Directions: Only one portion of the data is to be written out: from the line bearing "Limbiate, M5S replica" through the line bearing "skull-dark-blue-gothic-fantasy-uj.jpg". Write it exactly as it appears.

Raw data:
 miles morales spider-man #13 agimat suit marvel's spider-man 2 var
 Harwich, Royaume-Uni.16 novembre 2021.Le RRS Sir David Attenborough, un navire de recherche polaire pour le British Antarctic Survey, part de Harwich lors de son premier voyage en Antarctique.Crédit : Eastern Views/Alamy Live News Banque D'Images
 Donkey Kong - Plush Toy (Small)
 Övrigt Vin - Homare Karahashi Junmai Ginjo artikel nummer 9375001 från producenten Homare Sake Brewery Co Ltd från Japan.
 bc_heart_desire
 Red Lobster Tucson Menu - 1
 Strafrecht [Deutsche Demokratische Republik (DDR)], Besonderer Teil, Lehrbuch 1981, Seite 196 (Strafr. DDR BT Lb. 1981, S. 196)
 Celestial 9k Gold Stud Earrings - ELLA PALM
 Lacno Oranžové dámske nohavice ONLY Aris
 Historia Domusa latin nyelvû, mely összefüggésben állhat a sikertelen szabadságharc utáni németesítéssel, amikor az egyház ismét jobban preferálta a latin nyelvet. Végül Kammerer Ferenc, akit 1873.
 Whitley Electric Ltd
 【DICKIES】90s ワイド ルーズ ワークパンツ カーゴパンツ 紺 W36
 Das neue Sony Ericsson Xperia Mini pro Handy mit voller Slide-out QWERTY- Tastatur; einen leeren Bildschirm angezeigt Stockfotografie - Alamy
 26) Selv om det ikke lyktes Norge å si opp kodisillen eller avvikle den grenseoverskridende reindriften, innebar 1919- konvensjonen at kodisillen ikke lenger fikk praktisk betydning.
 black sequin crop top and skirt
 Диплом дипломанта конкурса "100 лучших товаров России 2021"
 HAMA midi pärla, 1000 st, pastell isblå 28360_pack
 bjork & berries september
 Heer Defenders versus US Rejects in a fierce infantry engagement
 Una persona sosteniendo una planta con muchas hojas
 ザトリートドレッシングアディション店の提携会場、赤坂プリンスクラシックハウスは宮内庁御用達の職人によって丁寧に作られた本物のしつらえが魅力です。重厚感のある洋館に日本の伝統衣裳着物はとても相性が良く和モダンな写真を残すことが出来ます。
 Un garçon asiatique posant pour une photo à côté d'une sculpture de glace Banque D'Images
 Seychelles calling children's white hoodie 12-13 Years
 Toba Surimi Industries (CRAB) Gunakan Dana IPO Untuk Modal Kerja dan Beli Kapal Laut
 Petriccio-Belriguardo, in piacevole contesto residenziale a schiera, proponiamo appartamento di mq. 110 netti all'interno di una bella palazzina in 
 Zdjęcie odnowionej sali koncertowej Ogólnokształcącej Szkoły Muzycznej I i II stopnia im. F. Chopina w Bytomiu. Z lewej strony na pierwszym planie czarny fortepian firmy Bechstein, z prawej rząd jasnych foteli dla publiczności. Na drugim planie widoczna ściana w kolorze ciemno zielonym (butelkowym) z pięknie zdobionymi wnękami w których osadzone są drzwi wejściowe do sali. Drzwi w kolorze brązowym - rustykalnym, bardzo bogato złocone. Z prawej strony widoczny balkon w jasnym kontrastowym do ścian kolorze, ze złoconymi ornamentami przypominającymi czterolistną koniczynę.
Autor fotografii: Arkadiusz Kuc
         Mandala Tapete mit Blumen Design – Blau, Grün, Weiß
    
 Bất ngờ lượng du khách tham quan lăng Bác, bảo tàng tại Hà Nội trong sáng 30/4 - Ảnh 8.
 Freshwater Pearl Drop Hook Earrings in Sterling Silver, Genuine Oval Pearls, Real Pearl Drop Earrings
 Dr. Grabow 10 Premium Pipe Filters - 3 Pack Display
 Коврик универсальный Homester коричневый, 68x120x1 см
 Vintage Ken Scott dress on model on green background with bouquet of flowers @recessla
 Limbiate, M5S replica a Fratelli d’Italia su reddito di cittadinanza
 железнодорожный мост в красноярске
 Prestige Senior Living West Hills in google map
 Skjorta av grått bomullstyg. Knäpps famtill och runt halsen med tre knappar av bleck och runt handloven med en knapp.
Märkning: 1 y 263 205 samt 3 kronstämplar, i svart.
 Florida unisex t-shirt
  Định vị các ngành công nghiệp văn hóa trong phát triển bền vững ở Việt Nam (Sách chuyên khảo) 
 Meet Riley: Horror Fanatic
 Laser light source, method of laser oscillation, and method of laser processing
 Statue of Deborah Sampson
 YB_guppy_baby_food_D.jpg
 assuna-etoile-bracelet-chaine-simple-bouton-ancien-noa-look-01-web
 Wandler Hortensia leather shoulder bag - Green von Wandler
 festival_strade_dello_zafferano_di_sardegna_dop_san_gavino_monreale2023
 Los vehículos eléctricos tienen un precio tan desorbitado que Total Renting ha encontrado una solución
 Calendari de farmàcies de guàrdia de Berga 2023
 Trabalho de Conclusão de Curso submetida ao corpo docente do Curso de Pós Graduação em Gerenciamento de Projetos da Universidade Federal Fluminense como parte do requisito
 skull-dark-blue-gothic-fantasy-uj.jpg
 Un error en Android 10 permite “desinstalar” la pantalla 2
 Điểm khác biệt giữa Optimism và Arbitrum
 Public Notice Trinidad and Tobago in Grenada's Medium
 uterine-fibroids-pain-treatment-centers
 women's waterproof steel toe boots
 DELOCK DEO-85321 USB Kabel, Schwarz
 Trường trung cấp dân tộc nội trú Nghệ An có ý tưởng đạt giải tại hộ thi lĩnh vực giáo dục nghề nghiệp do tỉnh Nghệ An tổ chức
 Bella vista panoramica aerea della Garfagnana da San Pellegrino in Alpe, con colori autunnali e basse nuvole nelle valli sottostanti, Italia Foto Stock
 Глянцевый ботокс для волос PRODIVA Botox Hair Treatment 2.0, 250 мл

Worked solution:
 Limbiate, M5S replica a Fratelli d’Italia su reddito di cittadinanza
 железнодорожный мост в красноярске
 Prestige Senior Living West Hills in google map
 Skjorta av grått bomullstyg. Knäpps famtill och runt halsen med tre knappar av bleck och runt handloven med en knapp.
Märkning: 1 y 263 205 samt 3 kronstämplar, i svart.
 Florida unisex t-shirt
  Định vị các ngành công nghiệp văn hóa trong phát triển bền vững ở Việt Nam (Sách chuyên khảo) 
 Meet Riley: Horror Fanatic
 Laser light source, method of laser oscillation, and method of laser processing
 Statue of Deborah Sampson
 YB_guppy_baby_food_D.jpg
 assuna-etoile-bracelet-chaine-simple-bouton-ancien-noa-look-01-web
 Wandler Hortensia leather shoulder bag - Green von Wandler
 festival_strade_dello_zafferano_di_sardegna_dop_san_gavino_monreale2023
 Los vehículos eléctricos tienen un precio tan desorbitado que Total Renting ha encontrado una solución
 Calendari de farmàcies de guàrdia de Berga 2023
 Trabalho de Conclusão de Curso submetida ao corpo docente do Curso de Pós Graduação em Gerenciamento de Projetos da Universidade Federal Fluminense como parte do requisito
 skull-dark-blue-gothic-fantasy-uj.jpg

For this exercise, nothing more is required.